Work instructions:
Word for word, restate the lines from the one containing "ベトナム(ハノイ)の製造業を視察して" through the last line of the material, and include no pictures.

Dataset content:
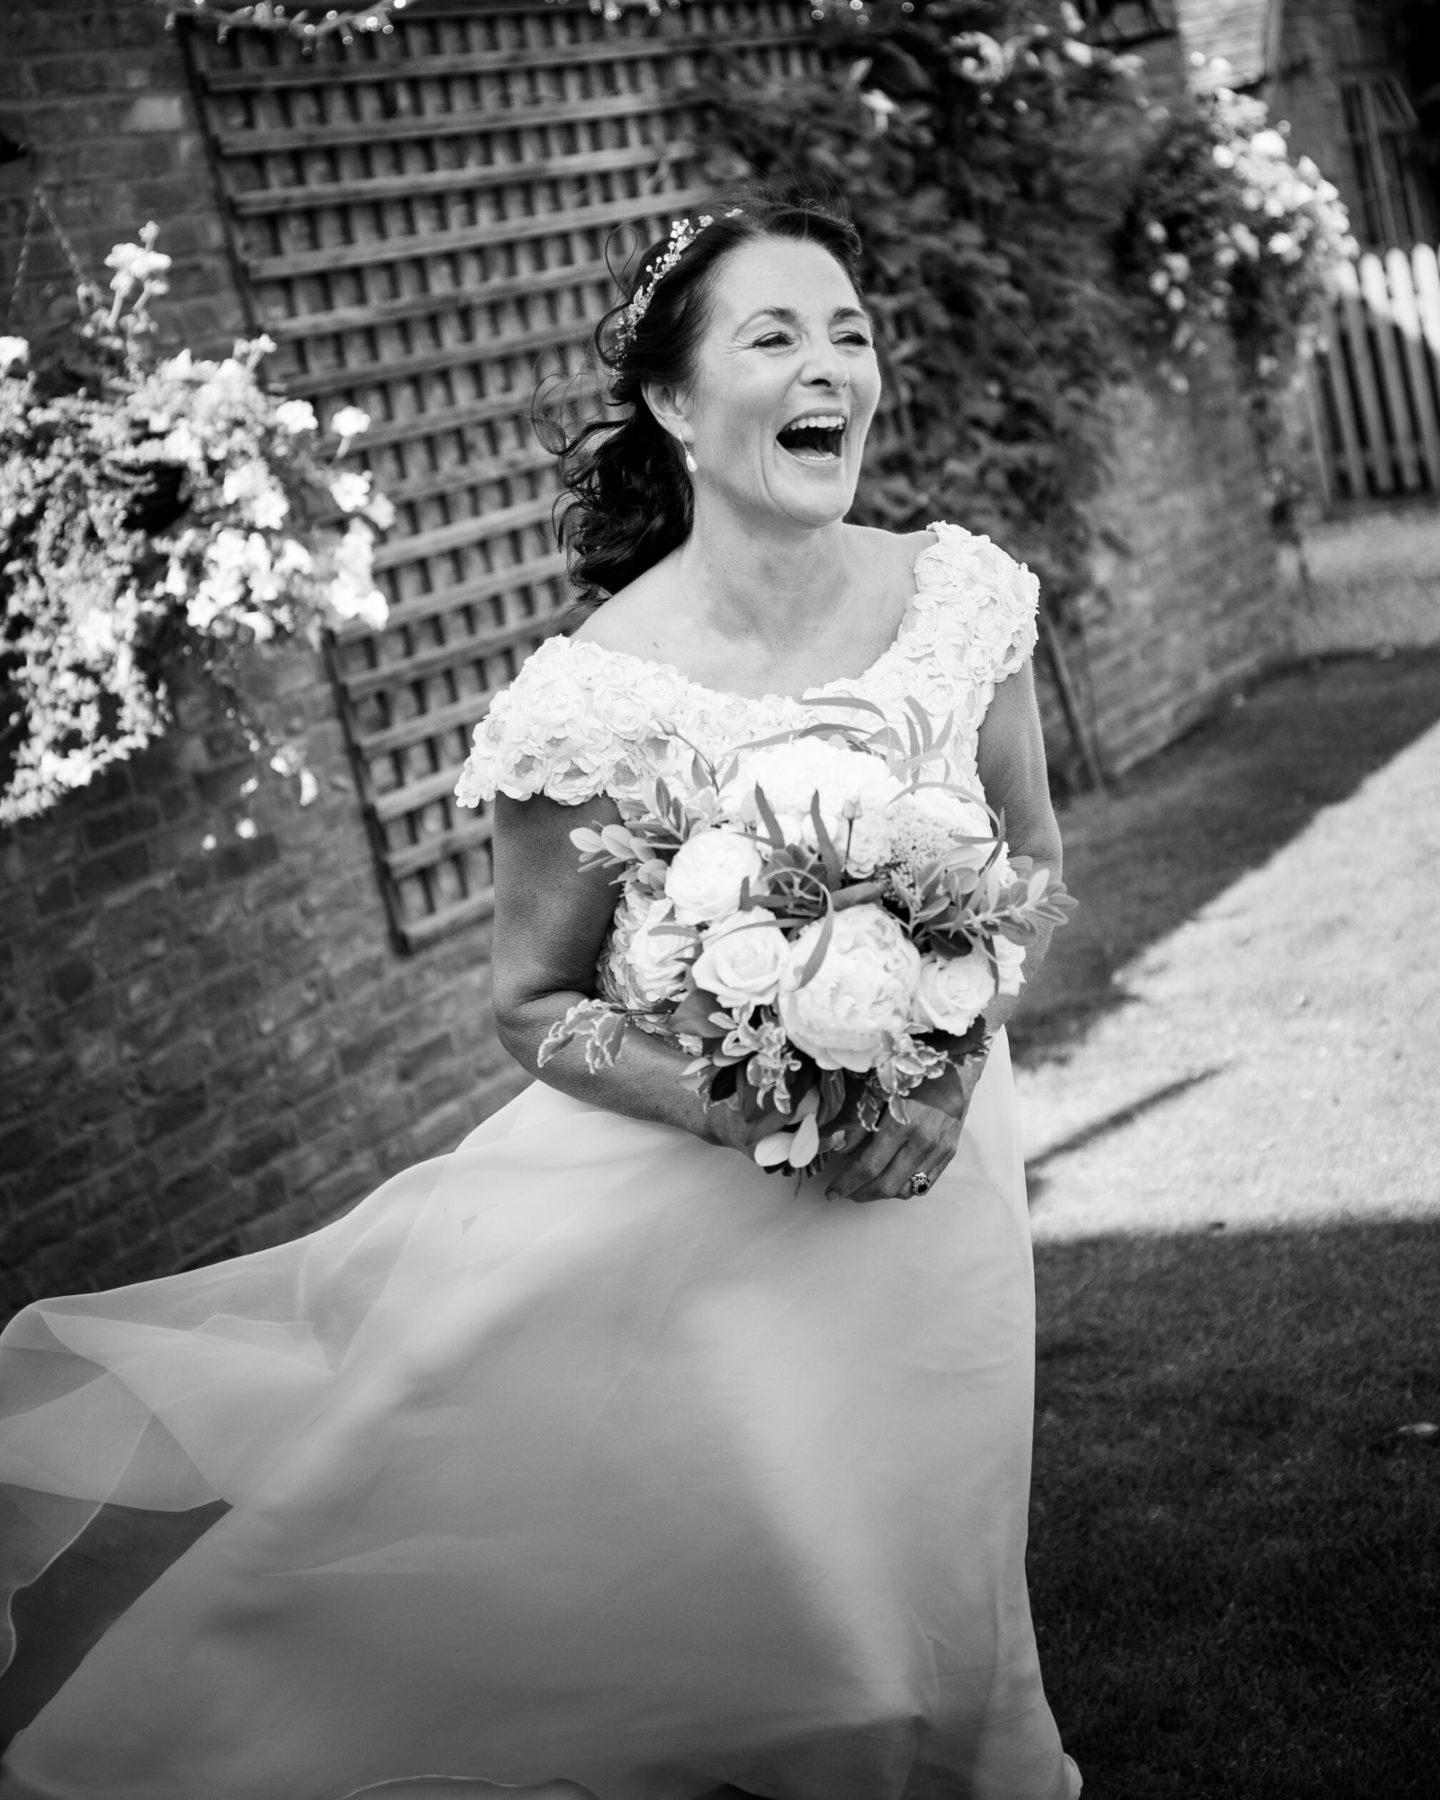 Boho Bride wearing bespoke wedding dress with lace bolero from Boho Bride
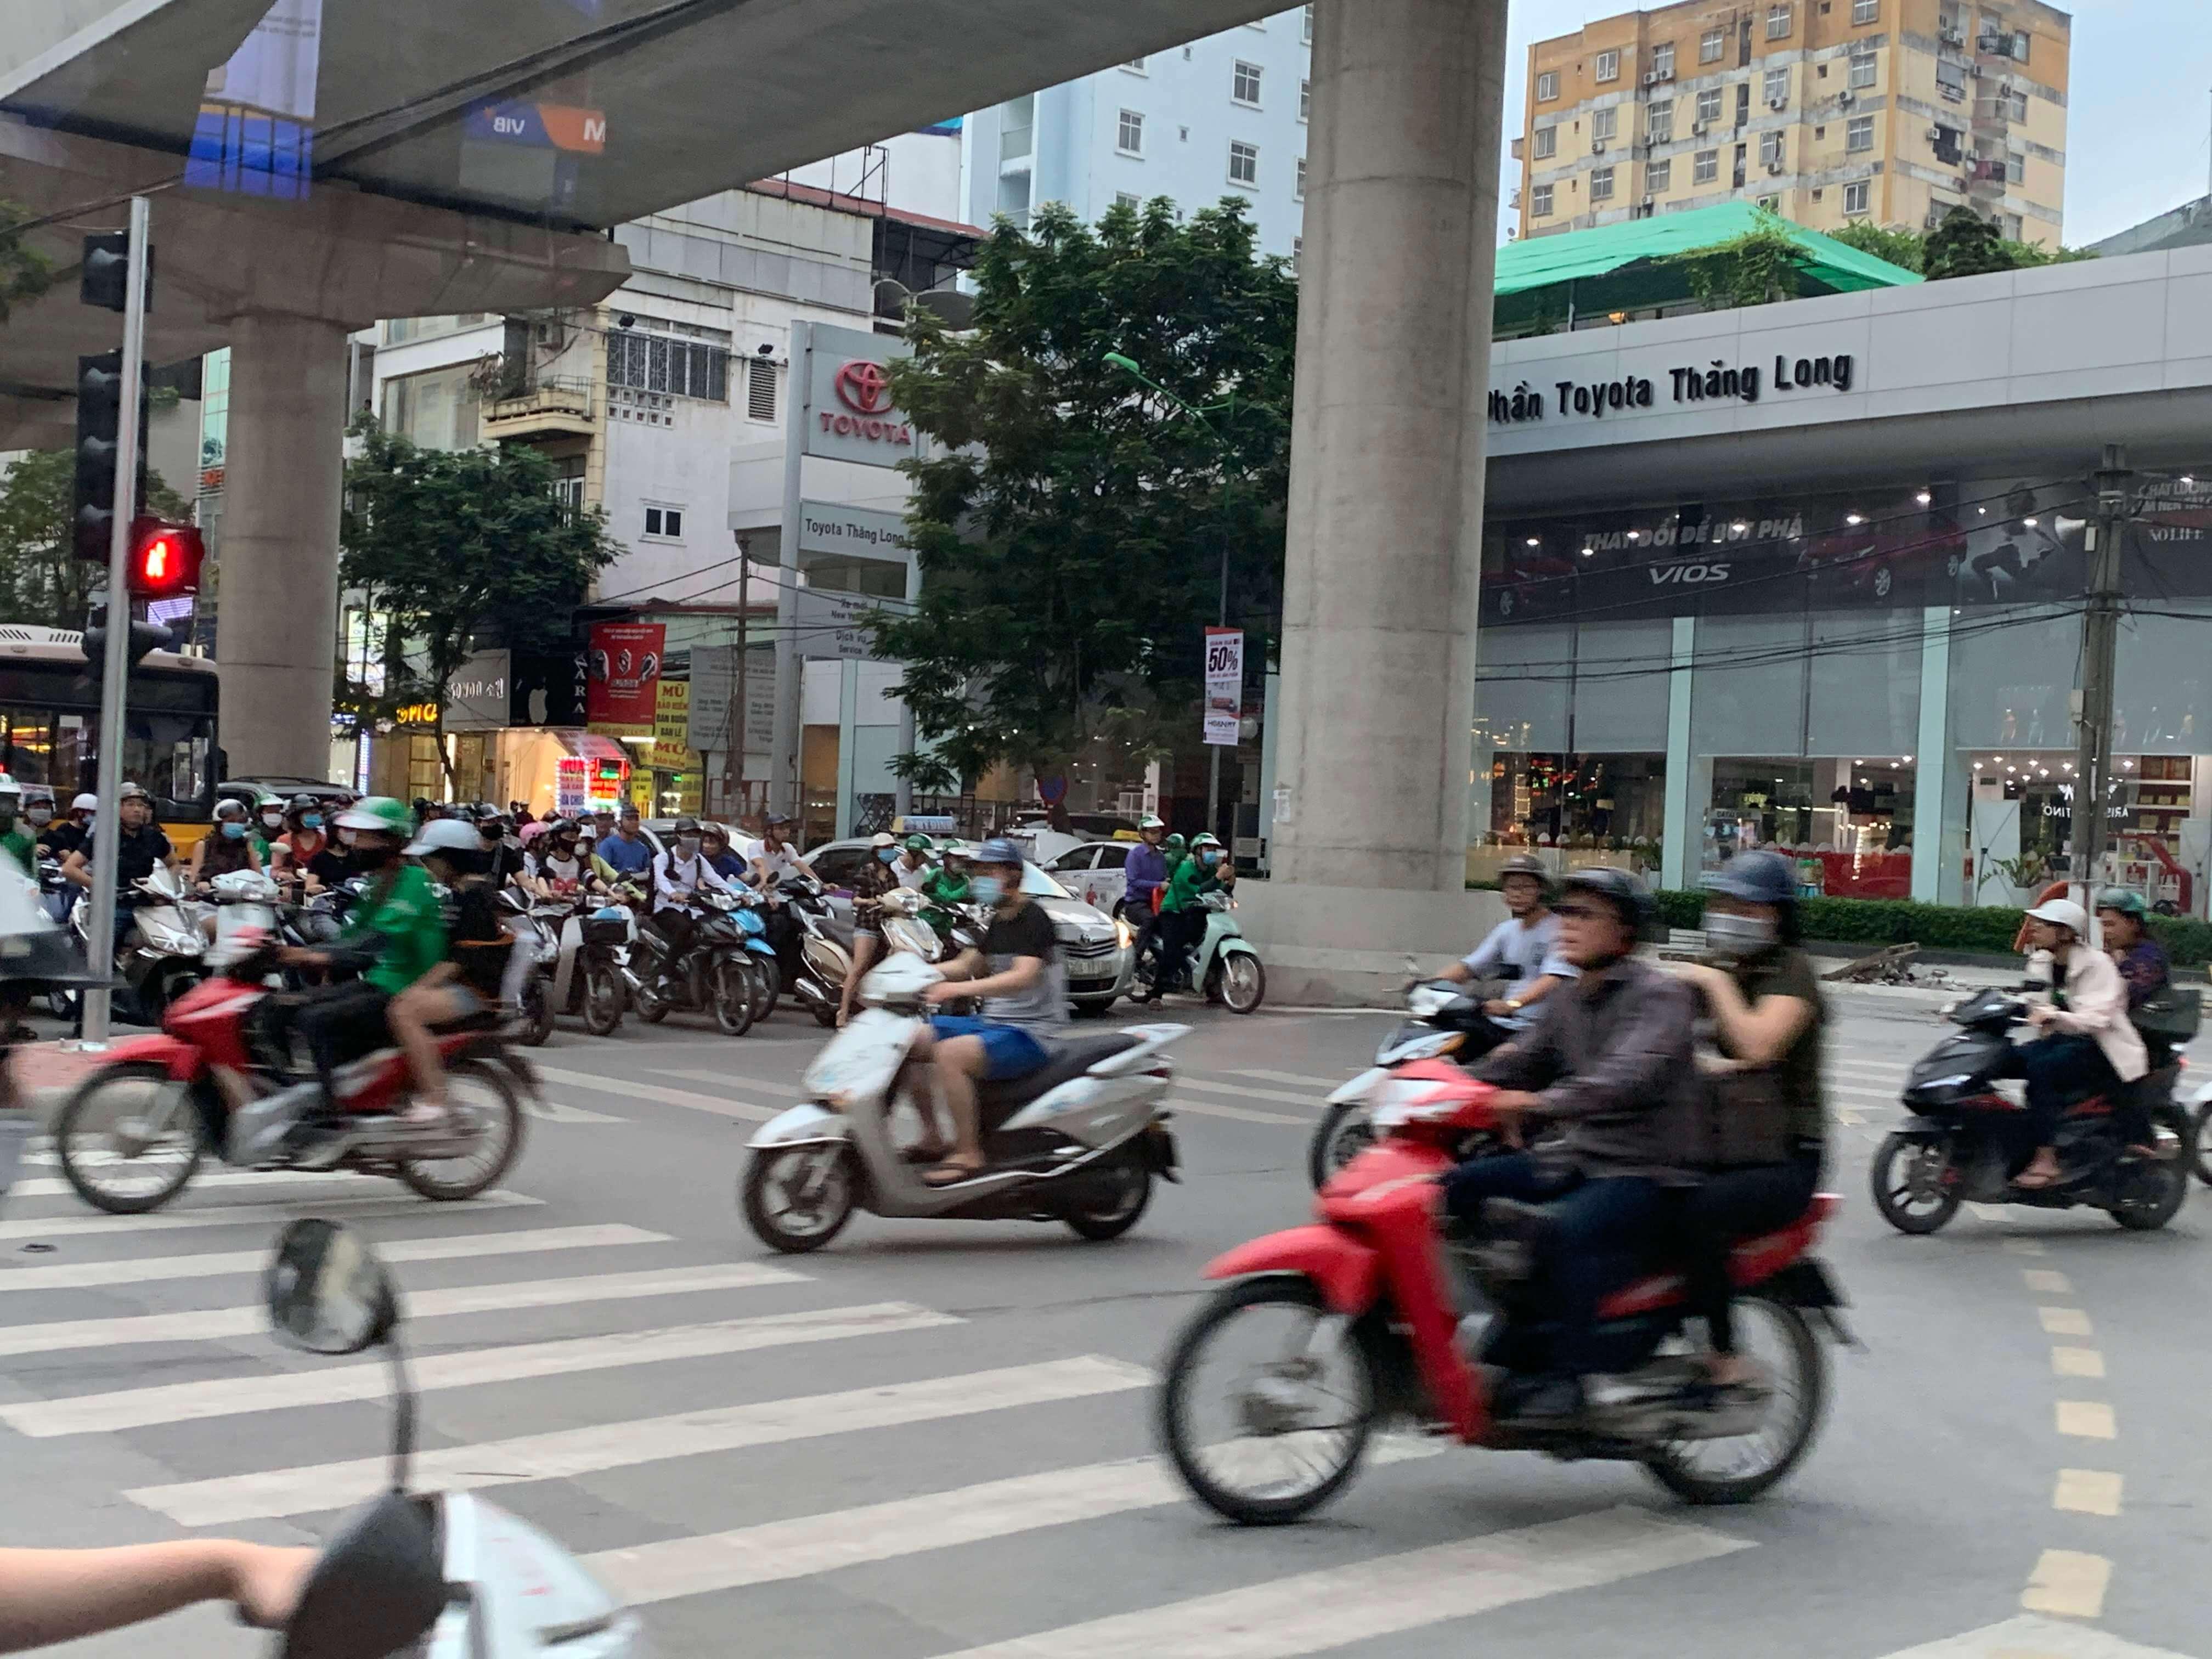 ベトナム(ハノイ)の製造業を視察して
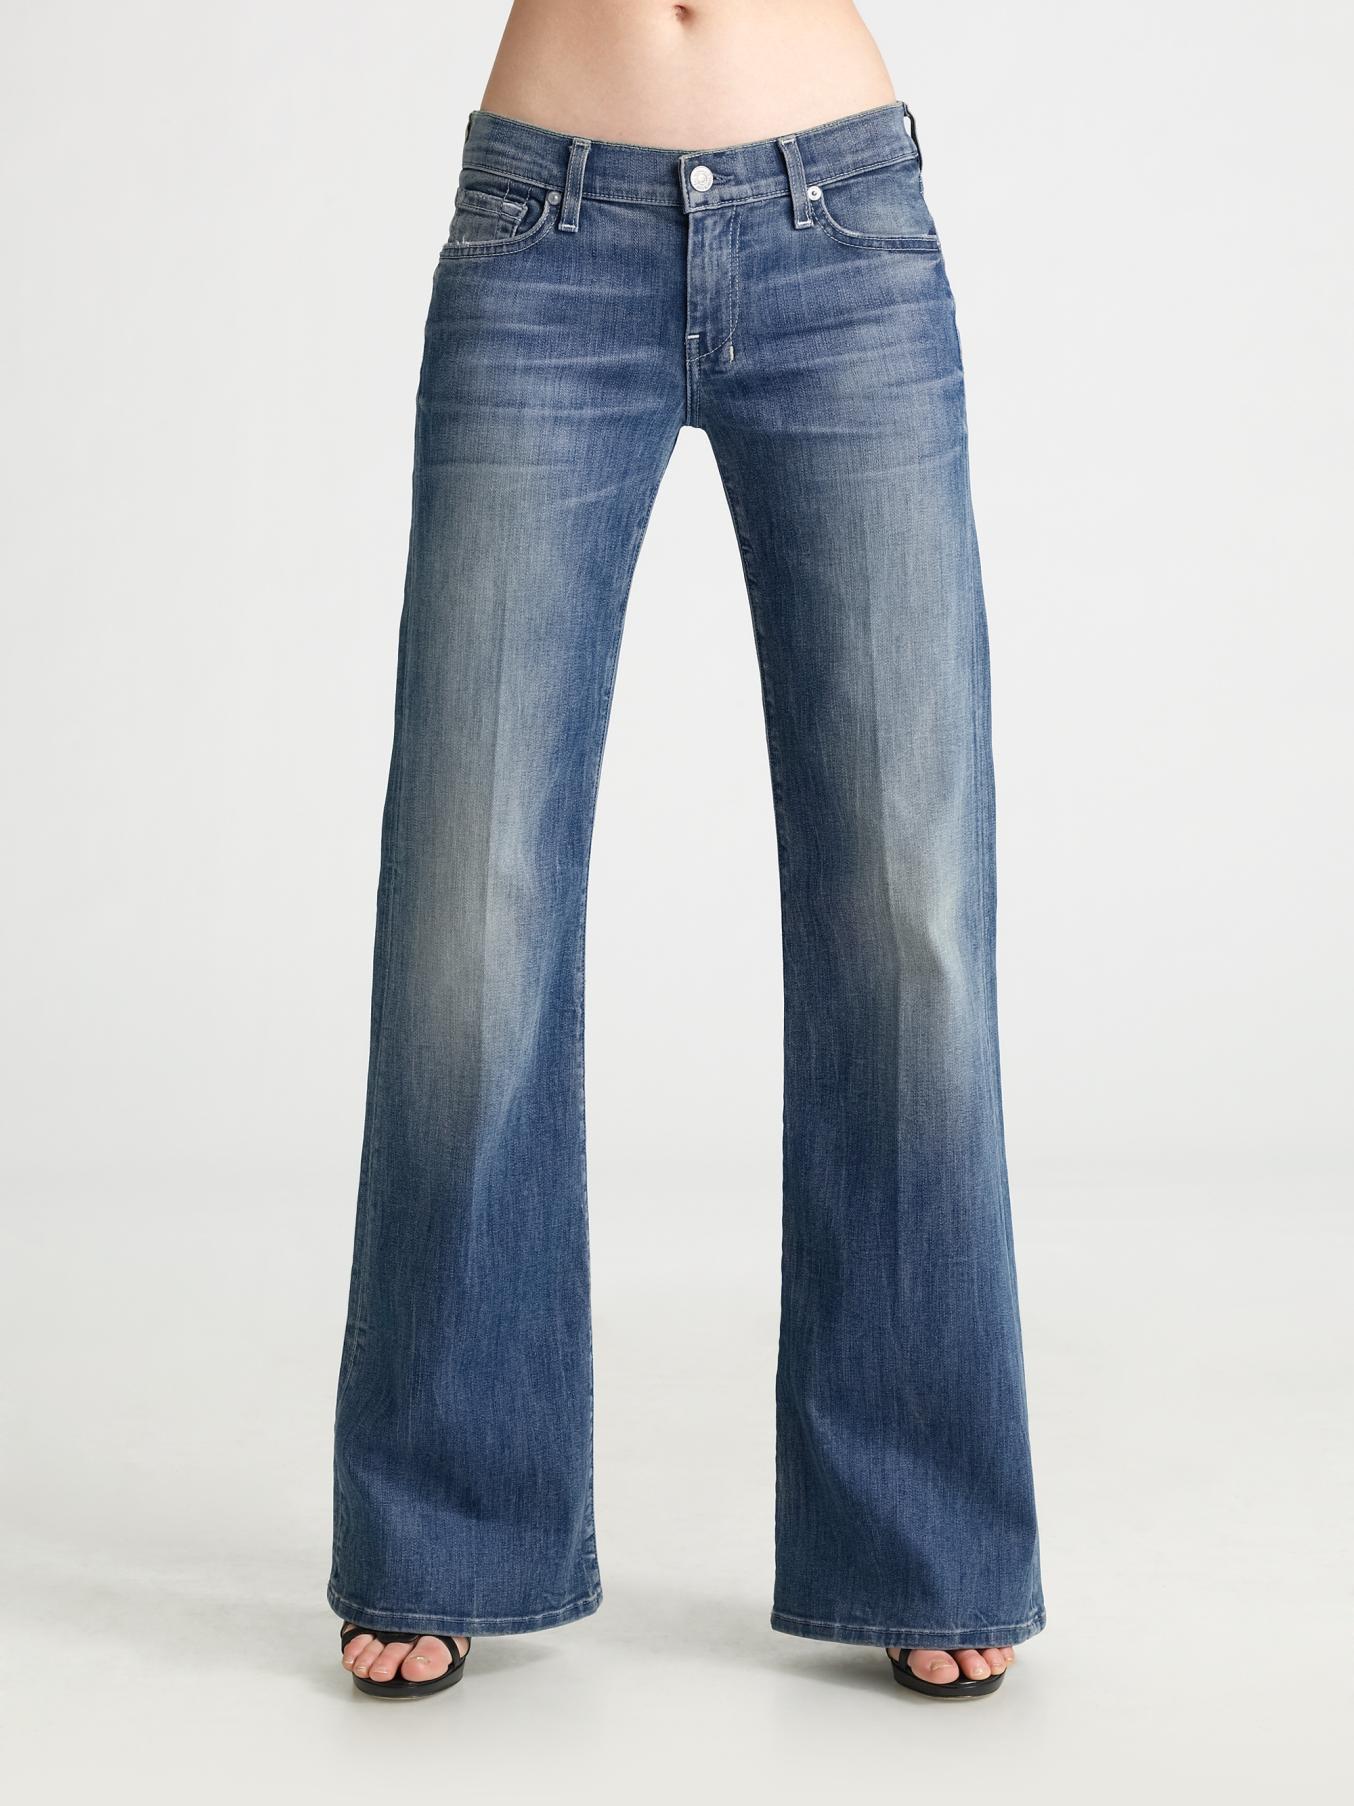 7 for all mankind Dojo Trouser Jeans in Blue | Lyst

Solution for this problem:
 ベトナム(ハノイ)の製造業を視察して
 7 for all mankind Dojo Trouser Jeans in Blue | Lyst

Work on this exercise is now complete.